L'odore nell’ospizio è un misto di cibo avariato, urina e disinfettante, e il viavai delle suore nel salone aumenta il mio smarrimento. Gli ospiti, quasi tutti in sedia a rotelle, sono uno spettacolo di sorrisi sdentati, parole senza senso e grumi di bava giallastra. Un quadro di cigni morti.
Trattenendo il fiato imbocco il corridoio che dovrebbe portarmi alla 413, la stanza dove è stata trasferita mia nonna dopo mesi di ospedale.
La porta si apre con un cigolio sinistro, un rumore che mi penetra la pelle. La scorgo nella semioscurità, una carcassa marcescente coperta da lenzuola luride.
Mi avvicino al letto in silenzio, nella stanza non siamo soli. Sulla parete di fronte scorgo due vecchiacce ricurve. Risatine sommesse.
Nonna. Devo concentrarmi su di lei. Le tocco la spalla, uno spasmo tremendo come risposta. Sollevo il lenzuolo, occhi bianchi che mi guardano, credo, senza vedere. Bulbi striati da vasi sanguigni sul punto di esplodere. Bisbiglio un come stai che sa di follia, e di rimando percepisco un soffio implorante, sporcato da labbra coperte di piaghe. Fame.
Un tonfo. Una delle vecchie si contorce sul pavimento. Annaspa verso di me.

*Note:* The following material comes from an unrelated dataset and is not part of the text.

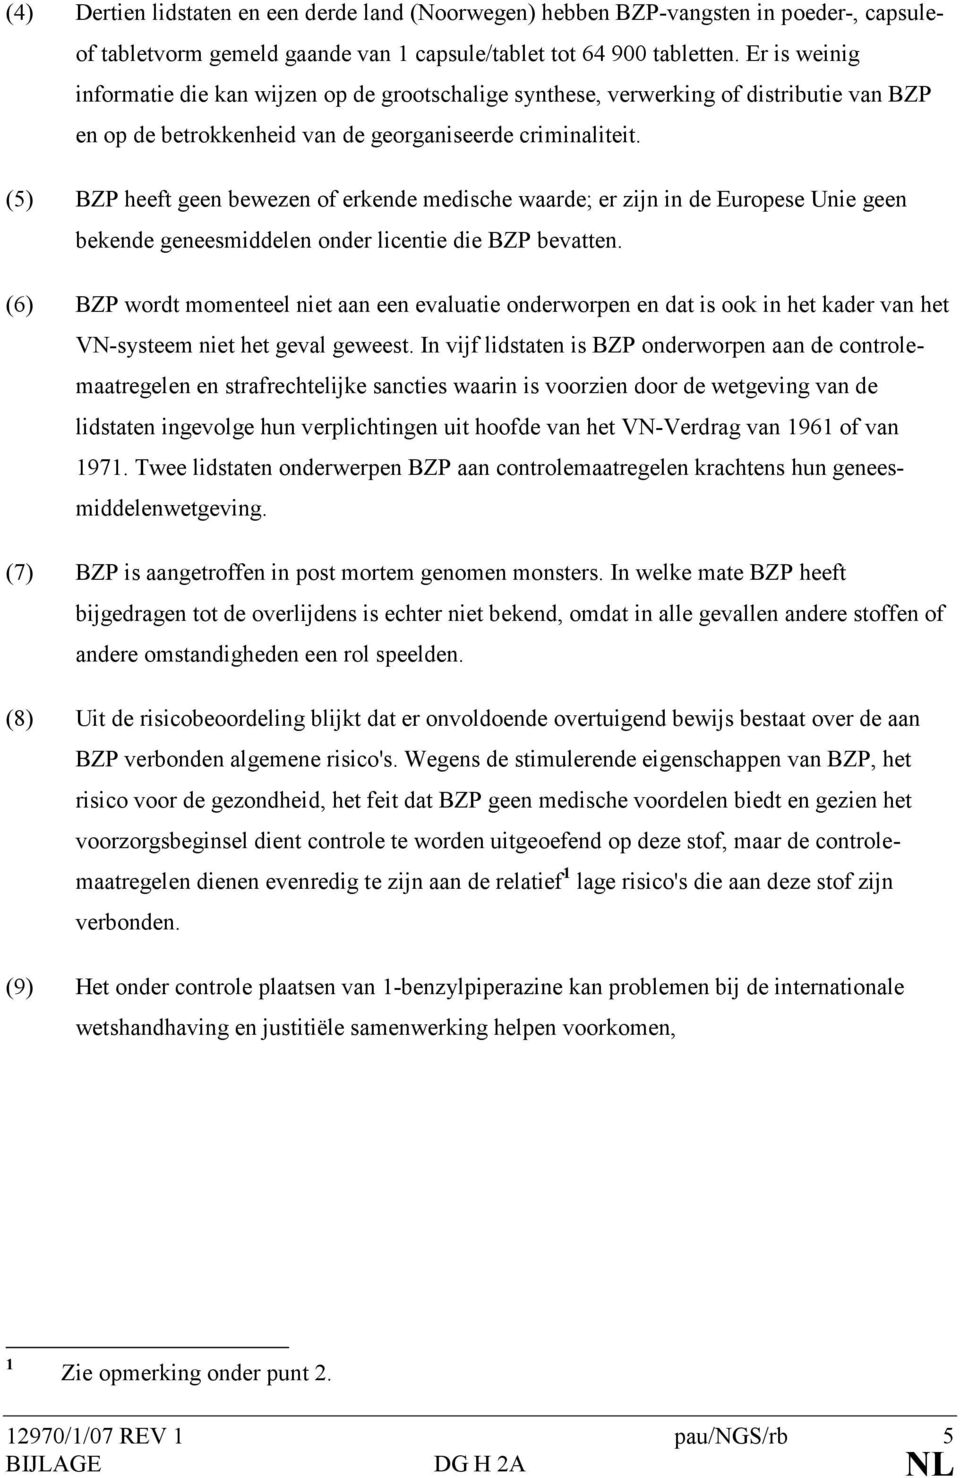 (5) BZP heeft geen bewezen of erkende medische waarde; er zijn in de Europese Unie geen bekende geneesmiddelen onder licentie die BZP bevatten.

Voglio andarmene. Mi giro verso la porta e sto per uscire, ma qualcosa di umido mi serra il polso: puzza di sangue infetto, la mano della nonna. Le unghie si piantano nel mio braccio prima di staccarsi dalle dita imputridite.
La porta si spalanca. Una suora enorme, senza collo, accende la luce. Ha il grembiule lordo di sangue e un machete in mano. È l’ora del pasto.
Mi scaravento su di lei e le pianto i canini sulla guancia, proprio come mi ha insegnato la nonna. Se vogliono la mia carne dovranno sudarsela, e una cosa è certa: io ho denti più buoni.